Rest mode mid-stream: what actually happens
Rest mode is the PS5’s low-power sleep state, and it treats video apps roughly. Send the console to rest during an episode and the app is suspended while the network stream drops; on waking, the app almost always relaunches to its own home screen rather than your paused frame. You have not lost your place entirely, because every mainstream service tracks position on its servers, so the Continue Watching row gets you back within a few seconds. A Fire TV Stick or a Sky Stream puck handles the same interruption far more gracefully, and that difference grates daily if the console is your main box.
There is a setting worth checking once. Settings, System, Power Saving, Set Time Until PS5 Enters Rest Mode includes a separate timer for During Media Playback, which stops the console dozing off in the middle of a film while still letting it sleep after you do. Fall asleep during a box set and the machine eventually rests itself, which matters because an idle PS5 draws vastly more power than any streaming stick sat in standby.
Updates are the one place rest mode genuinely helps. App and system updates install while the console sleeps, so your telly apps stay current without ever showing you a progress bar.
How the PS4 compares
Owners of the older console keep most of the essentials. iPlayer, ITVX, Now, Netflix, Prime Video, Disney+, YouTube and Pluto TV all still publish PS4 apps as of July 2026, which is a better survival rate than plenty of old smart TVs manage. The hardware sets the limits. A base PS4 or Slim tops out at 1080p, and only the PS4 Pro outputs 4K; HDR behaviour across apps is patchier than on the newer machine. Menus load slower and the fans on an ageing launch unit can drown out quiet dialogue. Boot times feel glacial next to a stick that wakes instantly.
App support is the longer-term worry. Streaming services trim legacy platforms first whenever budgets tighten, so expect the PS4 list to shrink over the next few years rather than grow. As a spare-room catch-up box for someone who already owns one it still earns its shelf space; nobody should buy one for television duty in 2026.
Verdict: a decent second box, a poor main one
Judged purely as television hardware, the console lands mid-table. Everything mainstream plays reliably, and 4K HDR10 output looks strong on the PS5. Entry cost for an existing owner is zero. Against that sit the missing Channel 4 and My5 apps, no Dolby Vision, clumsy resumes after rest mode, and idle power draw that a dedicated streamer embarrasses.

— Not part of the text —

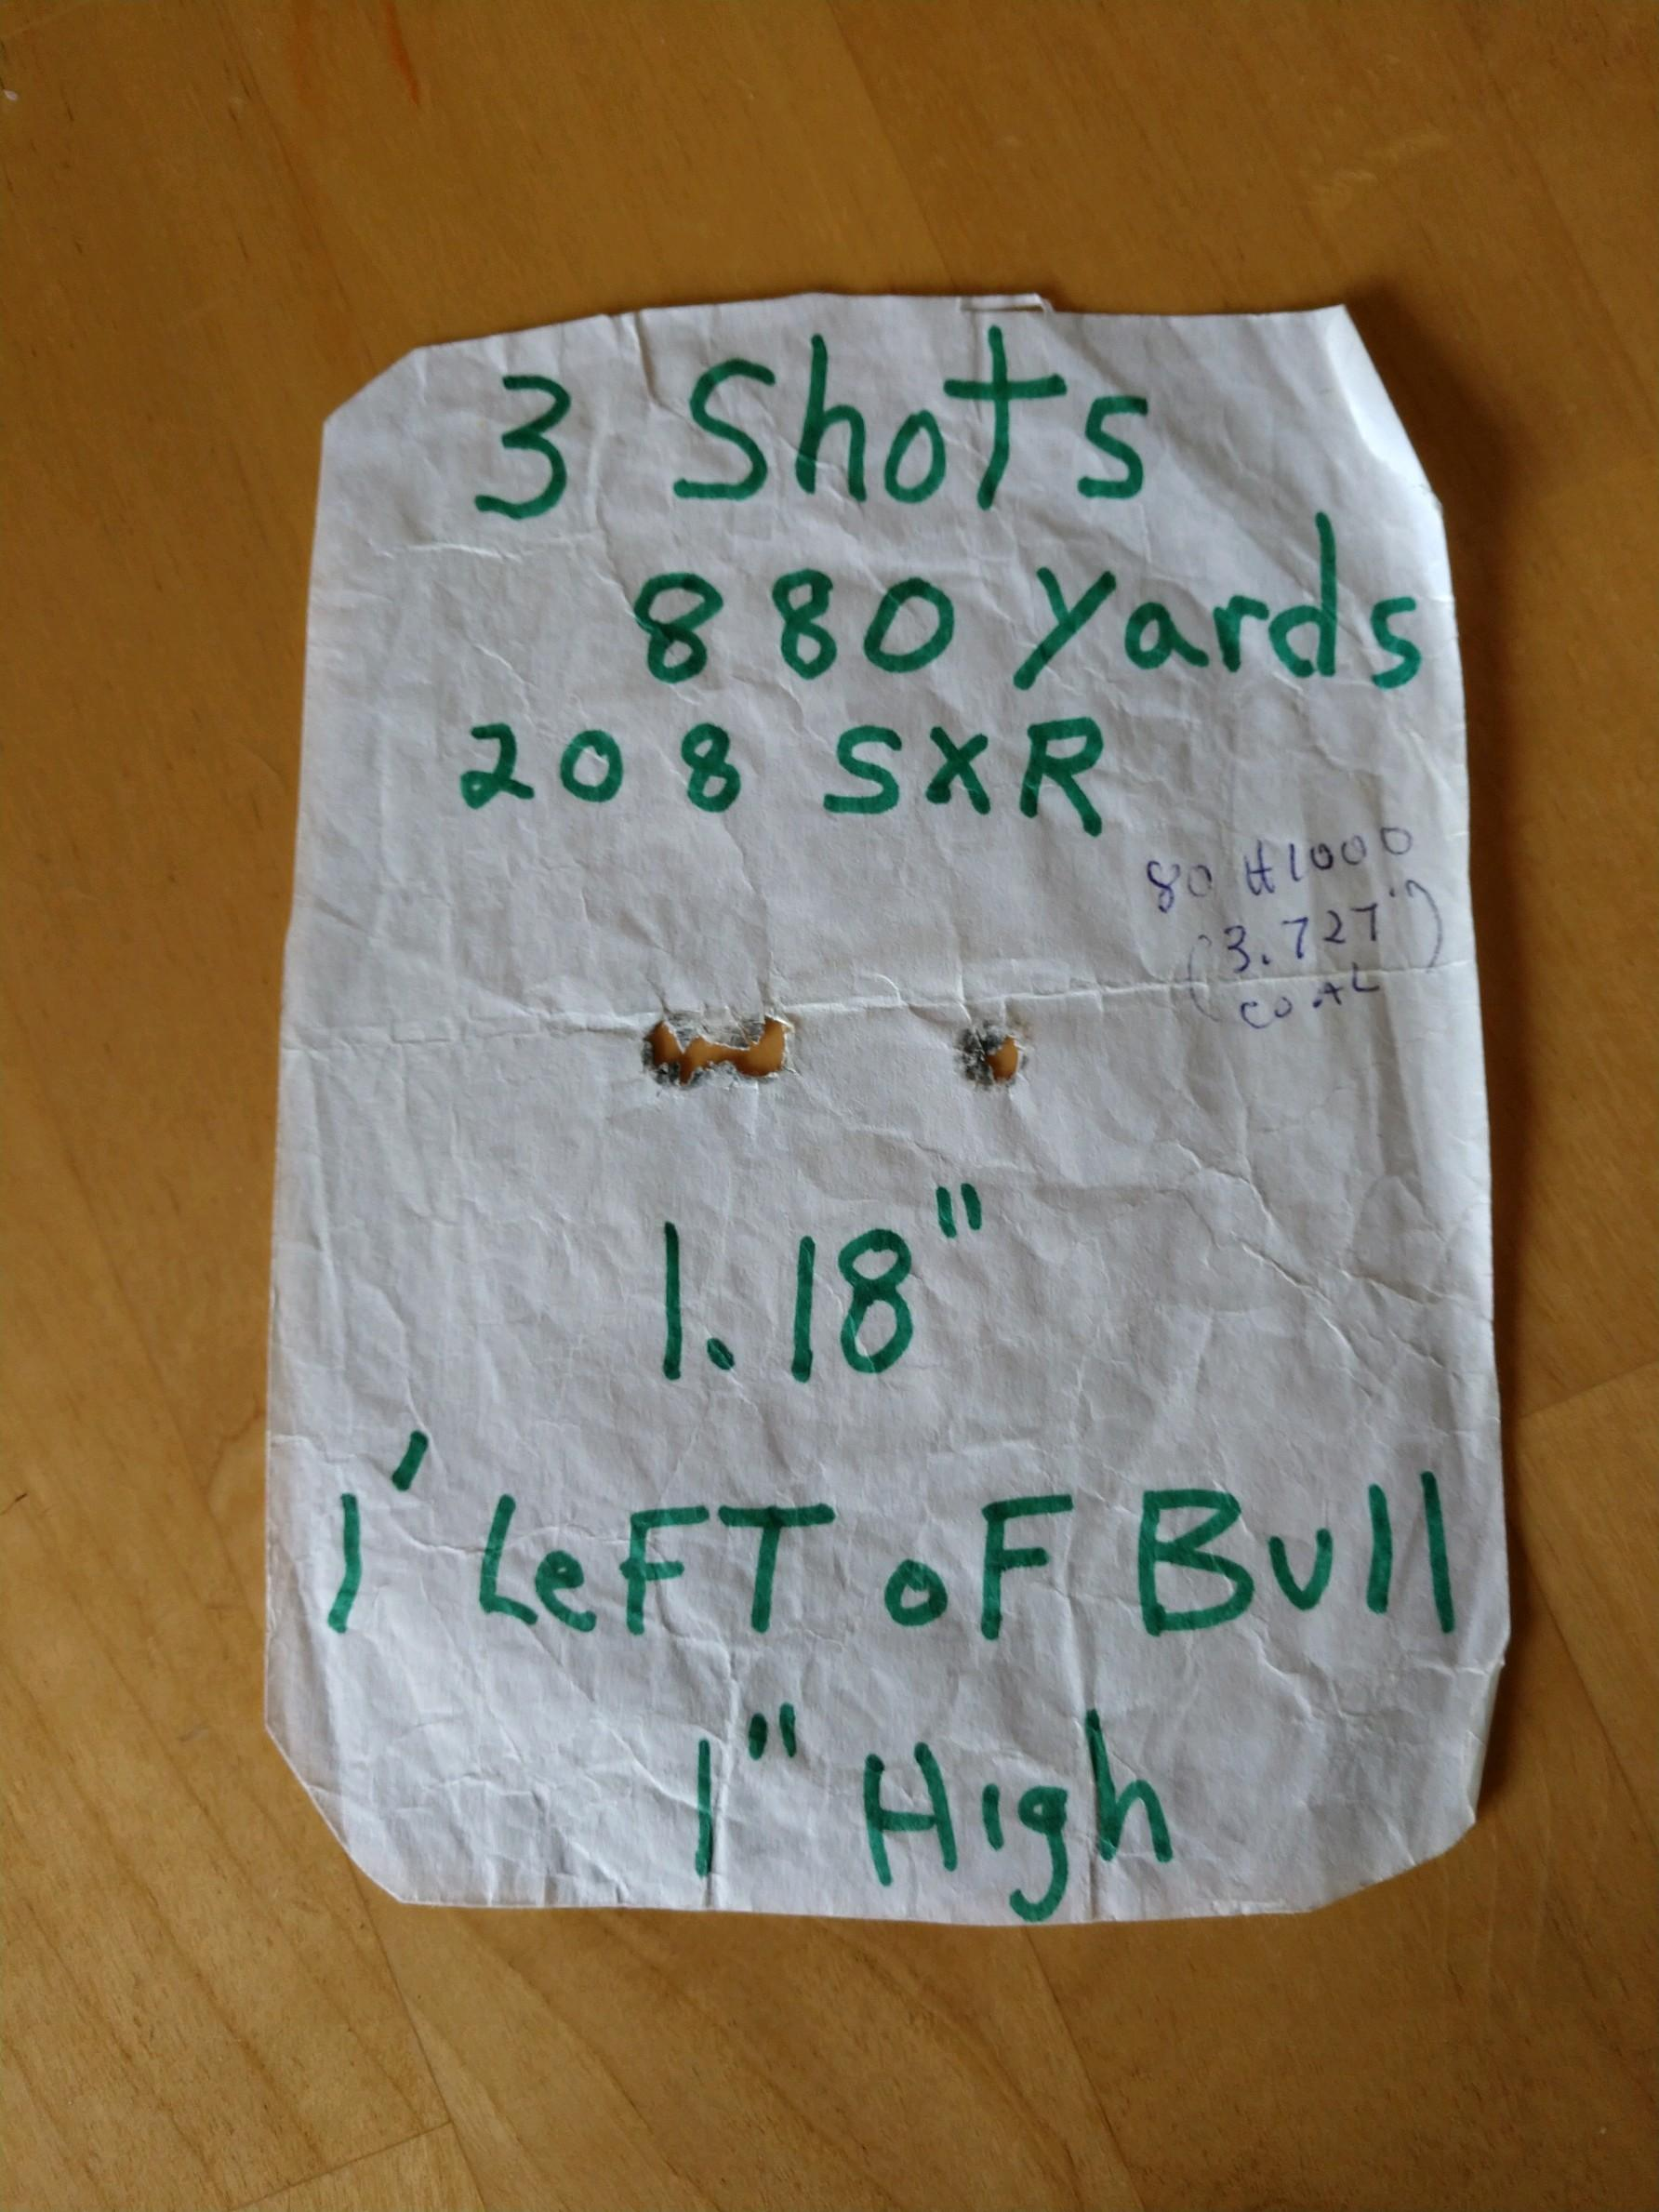 30'375 S.I. 208 SXR @ 880 yards.jpg
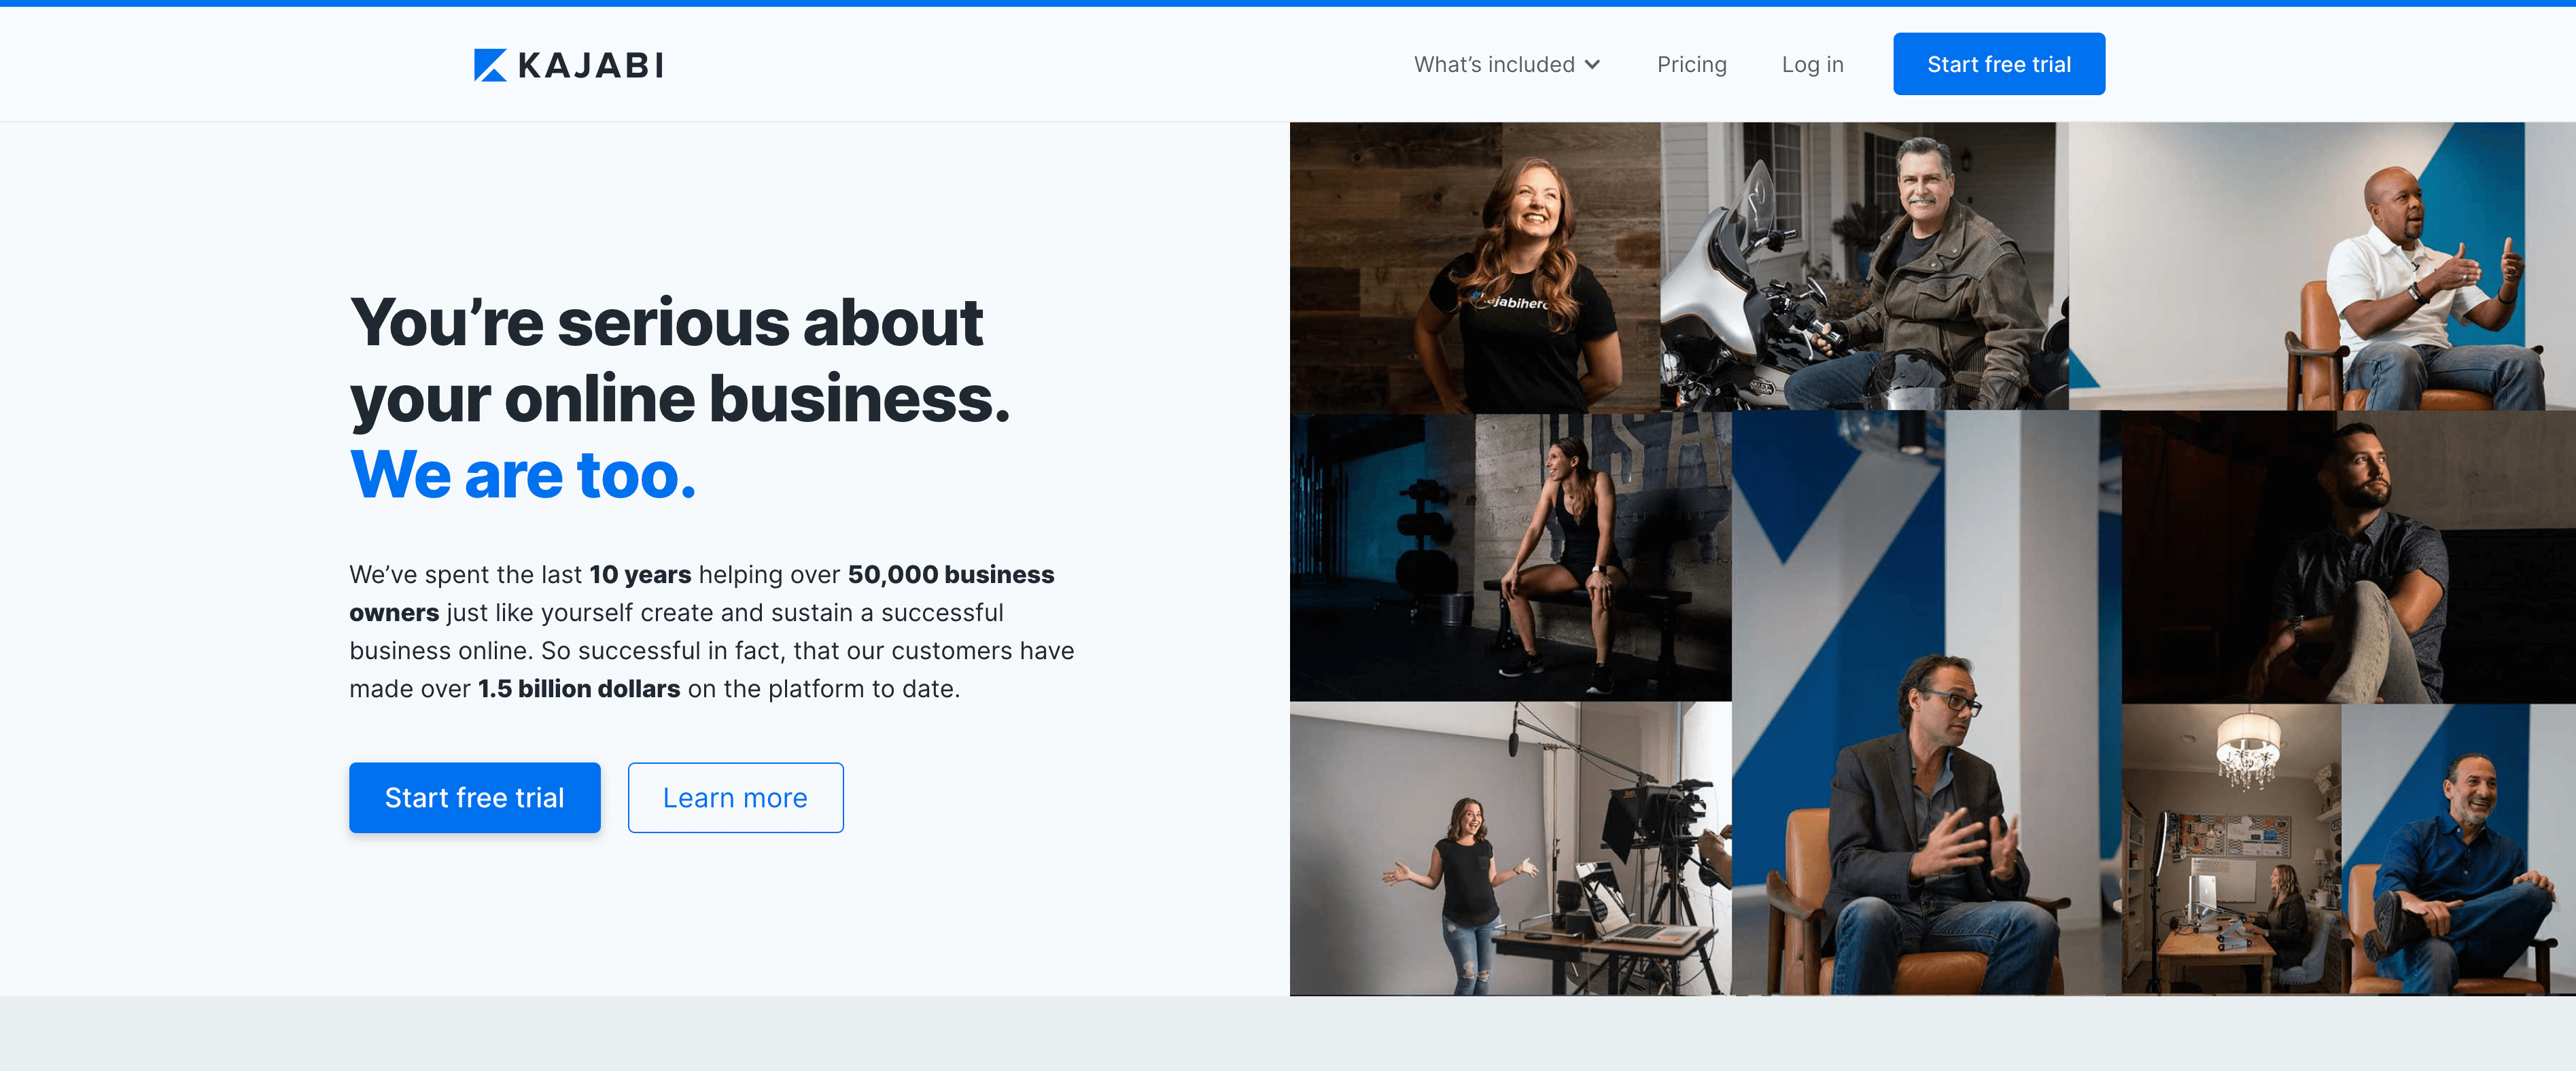 herramienta de email marketing

People who want to watch TV on PlayStation because the machine is already plugged in and warmed up should go right ahead: install iPlayer, ITVX, Now and Pluto TV tonight and you have spent nothing. Anyone designing a living room around their viewing should instead put £30-60 towards a dedicated streamer and let the console concentrate on games. Our UK IPTV equipment guide weighs up which stick or box deserves that money, and every candidate in it runs the full set of PS5 streaming apps plus the ones Sony never got.
Sources
Frequently asked questions
Can you install IPTV player apps on a PS5?
No, the PlayStation Store carries no M3U or playlist-based IPTV players and the PS5 has no sideloading route. You are limited to licensed apps such as BBC iPlayer, ITVX, Now, Netflix, Prime Video and Pluto TV. Seller subscriptions promising every channel are unlicensed and simply cannot run on the console.
Do I need a TV Licence to watch TV on a PlayStation?
Yes, if you watch any channel live through any app, and always if you use BBC iPlayer, even on demand. The rule follows the content, not the device, so a PS5 is treated exactly like a telly. The TV Licensing website has a short checker for your situation.
Is the PS4 still worth using as a streaming box?
As of July 2026 the major UK apps, including iPlayer, ITVX, Now and Netflix, still run on PS4. A base PS4 caps out at 1080p and only the Pro model outputs 4K, so picture quality trails the PS5. It remains a fine spare-room box, though nobody should buy one for telly in 2026.